Pesquisa divulgada em 2019 nos Estados Unidos pela American Trucking Associations (ATA), apontou defasagem acima da casa dos 60 mil caminhoneiros. A previsão é chegar a 160 mil antes de 2030. Já no continente europeu a estimativa supera 125 mil profissionais do volante, sendo a Alemanha, Espanha e Inglaterra os países com maior carência de condutores. A questão da falta de motoristas é antiga no Velho Continente. Por conta desse problema a Scania criou em 2001 o Young European Truck Driver (Jovem Caminhoneiro Europeu), competição para incentivar jovens da Europa a ingressarem na profissão. O projeto nasceu para também elevar o status dos profissionais de até 35 anos de idade em em atividade.

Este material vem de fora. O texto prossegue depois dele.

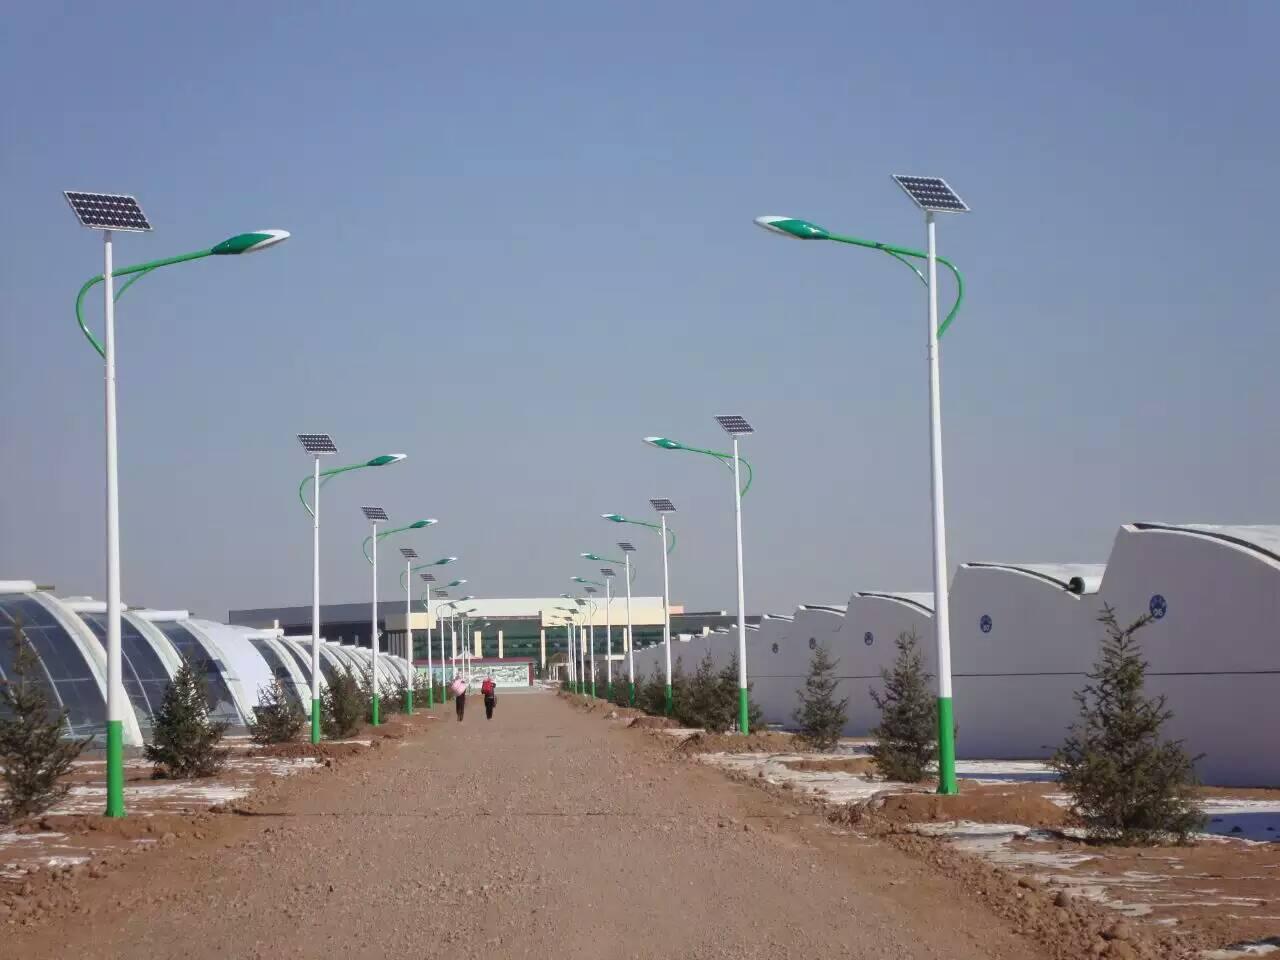 太陽能路燈生產商-實惠的太陽能路燈-甘肅綠源節能照明

Aqui no Brasil, pesquisa do Instituto Paulista do transporte de Carga (IPTC) feita em 2019, considerando como base o Sindicato das Empresas de Transporte de Cargas do Estado de São Paulo (Setcesp), apontou redução de 767.570 para 587.811 motoristas habilitados com CNH profissional, especialmente na categoria C, entre 2015 e 2019. Somente na região da Grande São Paulo estaria faltando milhares de profissionais. A nível de Brasil não há número fechado.
Na opinião do presidente da Associação Nacional do Transporte de Cargas e Logística (NTC&Logística), Francisco Pelucio, com 65 anos de atuação no setor de transporte rodoviário de carga, várias coisas interferem no ingresso de pessoas na profissão. Ele destaca o salário e a ideia de que a profissão é perigosa como responsáveis pelo desinteresse em dirigir caminhão. “Precisamos mudar a imagem de que a profissão de caminhoneiro não é segura”, disse o empresário, acrescentando que, infelizmente, muitas vezes quando acontecia um roubo a polícia colocava a culpa no motorista. “Eu nunca deixei isso acontecer, mas o fato é que acabou ficando no senso comum”, complementou.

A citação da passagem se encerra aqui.